Ok, I'm ready to call this an AMD cheat show.
I've installed Amuse 3.1 on a Hawk Point Mini-ITX with a Ryzen 7 8845HS configured for at 55Watt TDP with 64GB of DDR5-5600 DRAM. GPU-Z reports 238.9 GB/s of bandwidth, but that's most likely the iGPUs last level cache. Realistically it's more like 55GB/s, at least measured from the CPU and being just dual channel.
The 8845HS only has a 10 TOPS XDNA2 NPU, but it's discovered and enabled by Amuse automatically for use in XDNA2 upscaling. Also its 780m iGPU is roughly 30% less powerful than the Strix Point 890m.
But in terms of AI friendly data type support I cannot find any differences between the two, BF16 seems supported equally on both, while the fact that the 55 TOPS Strix NPU also supports BF16 is both an oddity and of zero relevance, as we'll see below.
I've downloaded all AMD models, but used the SD3.5 Medium (AMDGPU) for the test, duplicating the prompt, steps (22), and seed (1544622413) from the blog post:
wide and low angle, cinematic, fashion photography for the brand NPU. Woman wearing a NPU jersey with big letters "NPU" logo text, and brown chinos. The background is a gradient, red, pink and orange, studio setting
I'd love to show the results, but evidently I cannot paste directly and I never figured out truly anonymous image hosting.
Long story short, the actual pictures do not resemble at all what's shown in the blog post, those were obviously redacted, even if the eyes on those three first identical triplets, obviously weren't fixed entirely.
There are the typical anatomical deficiencies in the Tucan, like a three part beak (or extra eyes all over), rendering[!] the unfortunate beast unable to eat and the "NPU" lettering on the jersey suffer the well known issues of text rendering in Stability AI diffusion models, you're lucky if the result is three letters or readable, my first render with the above parameters reads more like "NPG" instead.
So that's misleading on the
achievable quality.
Performance should logically be next, but here we are comparing 780m RDNA 3.0 vs 890m RDNA 3.5 might be quite a bit of an uplift, given the bigger raw resource allocations. But at 270 seconds for a single image, even a 4x improvement, this is far from the "Rapid Iterations, No Re-Shoots" AMD promises
I'd label that misleading on
productivity.
But let's focus on the NPU: The Windows task manager fails to pick up NPU usage, at least with Hawk Point. Mine is version 32.0.203.258 from April 1st this year (funny, that) and came with the latest and greatest AMD driver suite 25.6.1, which is still reported as current.

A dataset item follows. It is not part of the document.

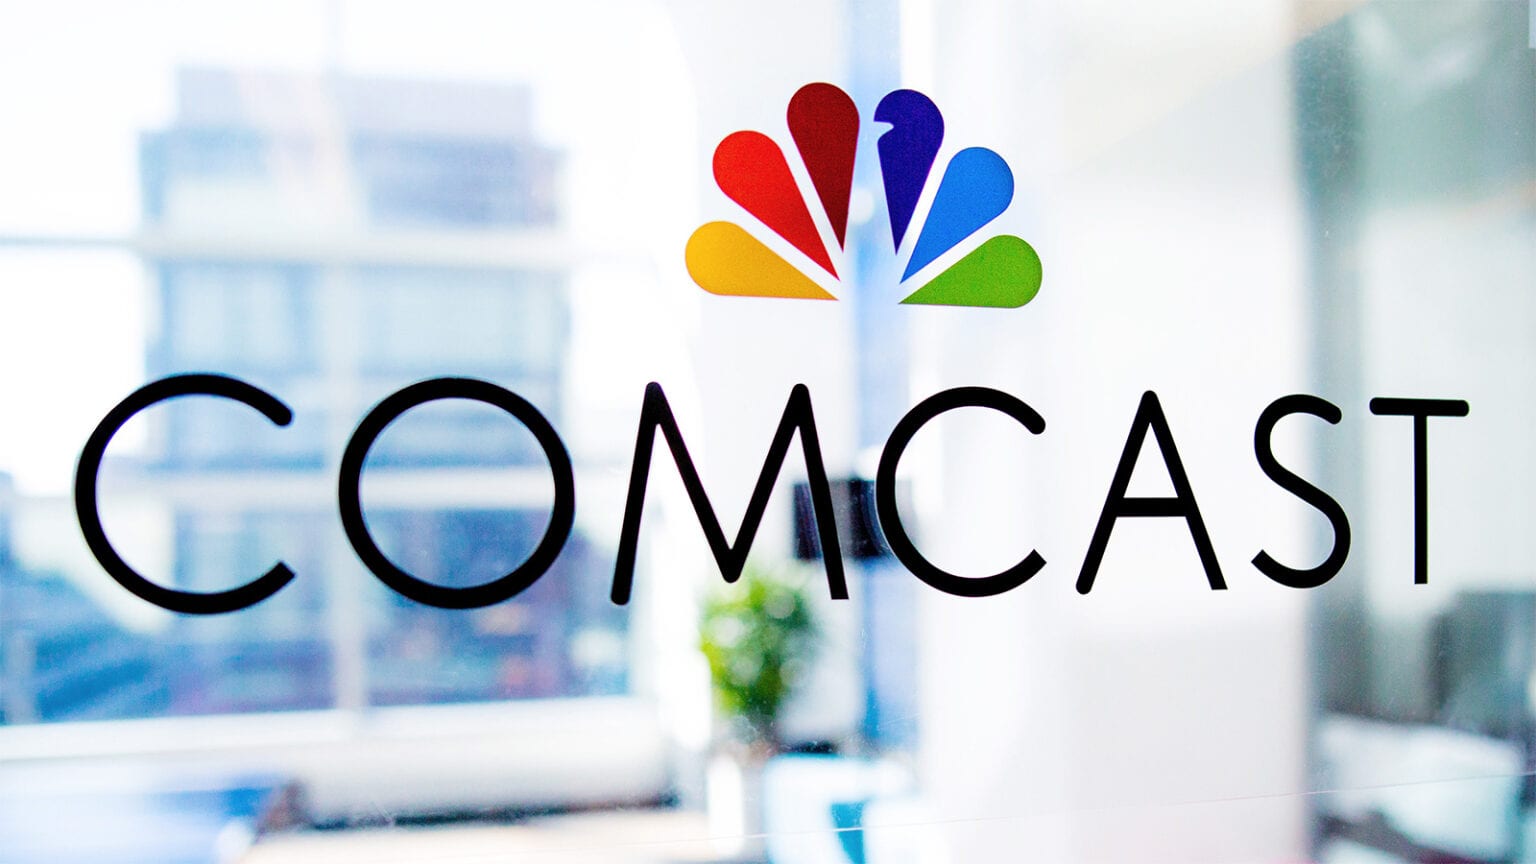 Comcast Contracts with Power to Supply Operations with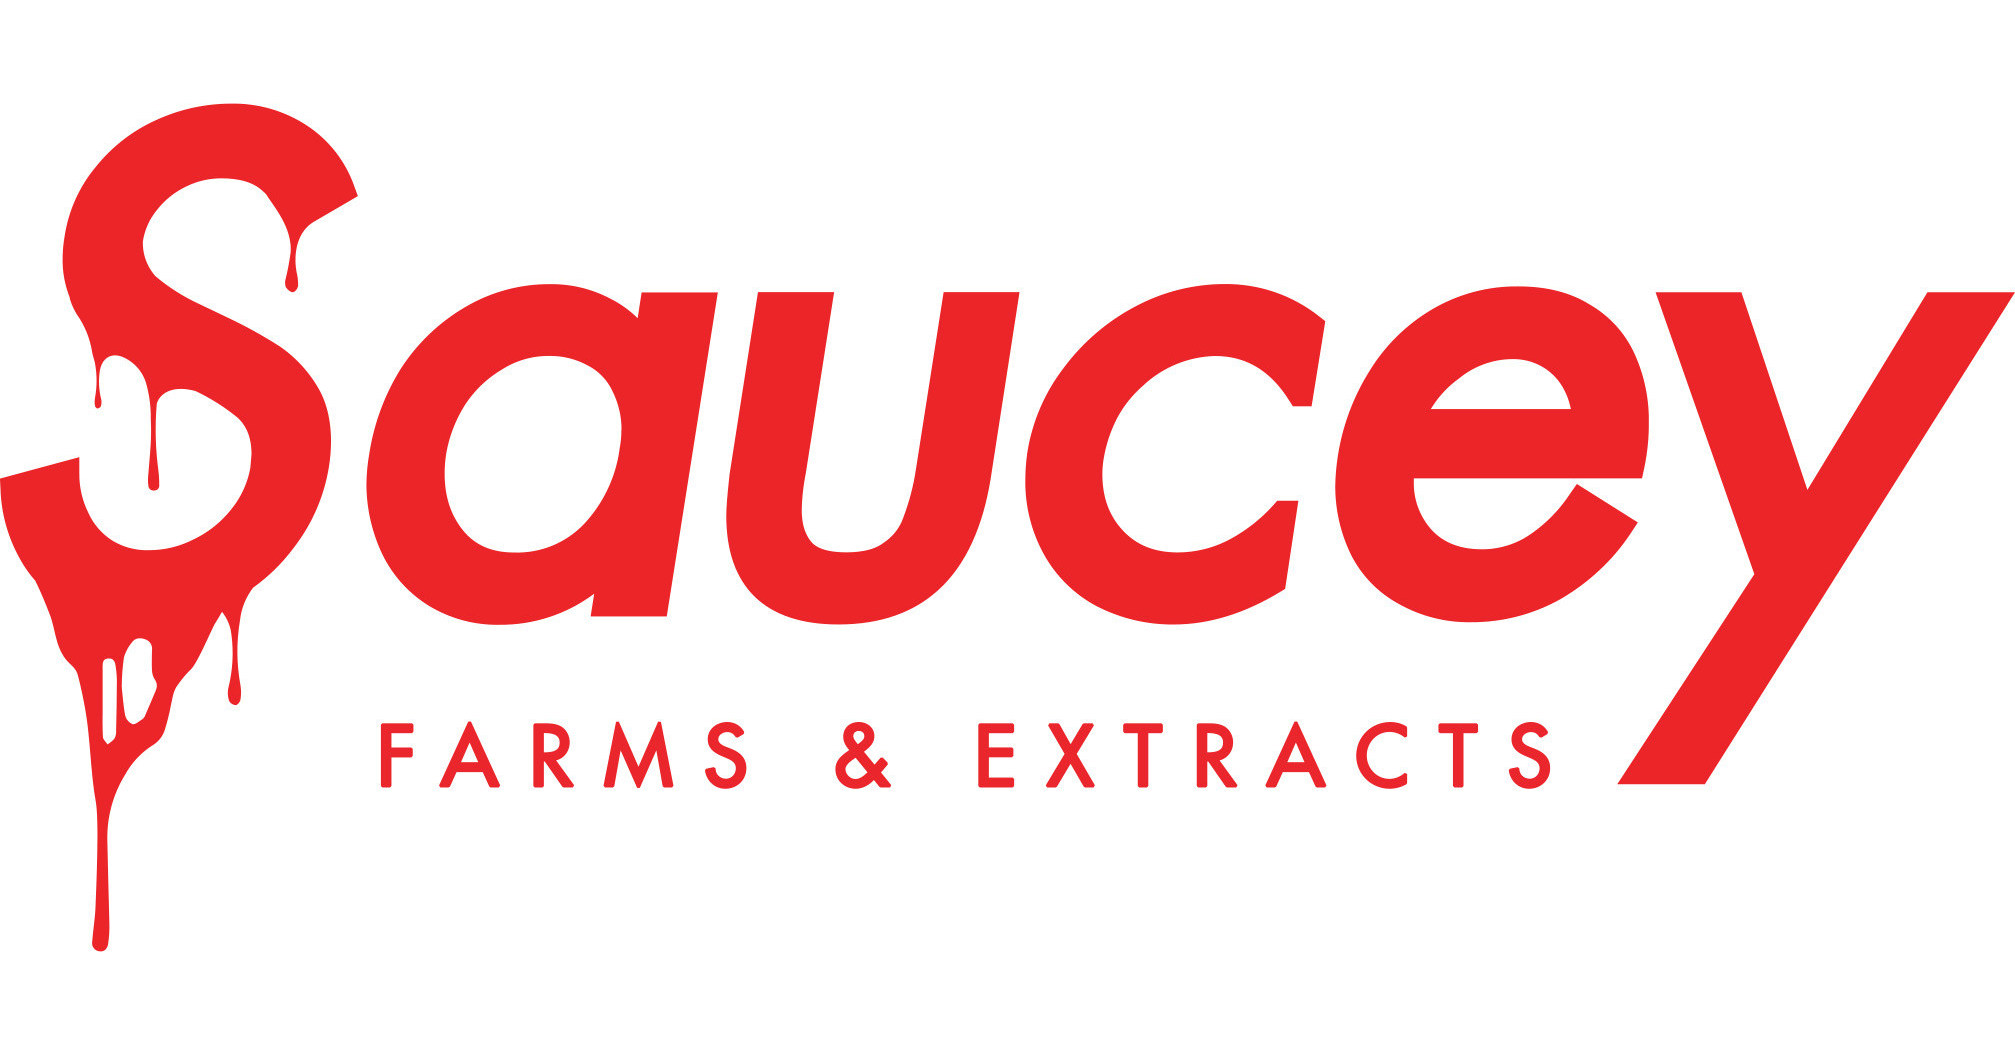 SAUCEY FARMS & EXTRACTS PARTNERS WITH HIGHER LIFE CBD TO LAUNCH THE FIRST THC PRODUCTS IN THE METAVERSE

Likewise HWinfo doesn't pick up all the counters from the NPU, which it was prepared for, specifically Watt numbers and utilization remain at zero. The only indication of usage is an NPU clock, the first sign of life and usage from the NPU I've seen ever. However, it reports up at 1.6GHz, which I find implausible. But it shows when and how long it's used.
And surprise, surprise, that happens at the very end, just before the GPU generated image is NPU upscaled and displayed.
And that happens in a heartbeat, even on the lowly 10 TOPS NPU, so that's misleading on the
NPU benefits.
As I wrote before, BF16 weights are very atypical in the embedded AI models of NPUs, which are designed for real-time flow-through, not the iterative batch operations of diffusion or larage langauge models. Their stream architecture holds weights in local SRAM while data flows through, preferably via DMA engines fetching data from CPU RAM or memory mapped sensors.
AMD may be very proud of teaching its NPUs new tricks with block encoding of exponents to store BF16 data at INT8 storage density, but a) that trick isn't guaranteed to work and b) that's still twice INT4 and certainly no good with billions of weights.
Clearly someone was given the unthankful task of having to weave a tale of value around an NPU that is plain useless, but perhaps at least usable with some tricks now. And the result is a bag of misleading texts and images, that seem to imply NPU benefits simply because they share a room with the GPU doing the work.
To summarize:
The image generation passes do not use the NPU at all, the brunt of the work is done on the GPU.
The NPU is only used for image upscaling, which is using a fraction of its potential but is little more than a digital zoom, designed to handle even video and not comparable to diffusion model AI upscaling at all. More specifically this doesn't demonstrate the benefits of a 55 TOPS NPU over an older 10 TOPS variant, because it's used for less than 1% of the total work.
Laptops won't be able to run AI based image or video generation with reasonable speed and quality currently, nor for a long time, extrapolating any currently known technology. NPUs don't change that--by design.
IMHO desktops and dGPUs aren't much better, all of these are designed as appetizers for cloud services.
As I said leading in, a bad cheat show that reminds of of Intel's worst.
AMD: you don't need to bow that low, your stuff will sell well enough without any of this garbage.
I fear these days doing your worst only increases reputation, but somehow I still believe I am in a bad dream and hope to wake up soon.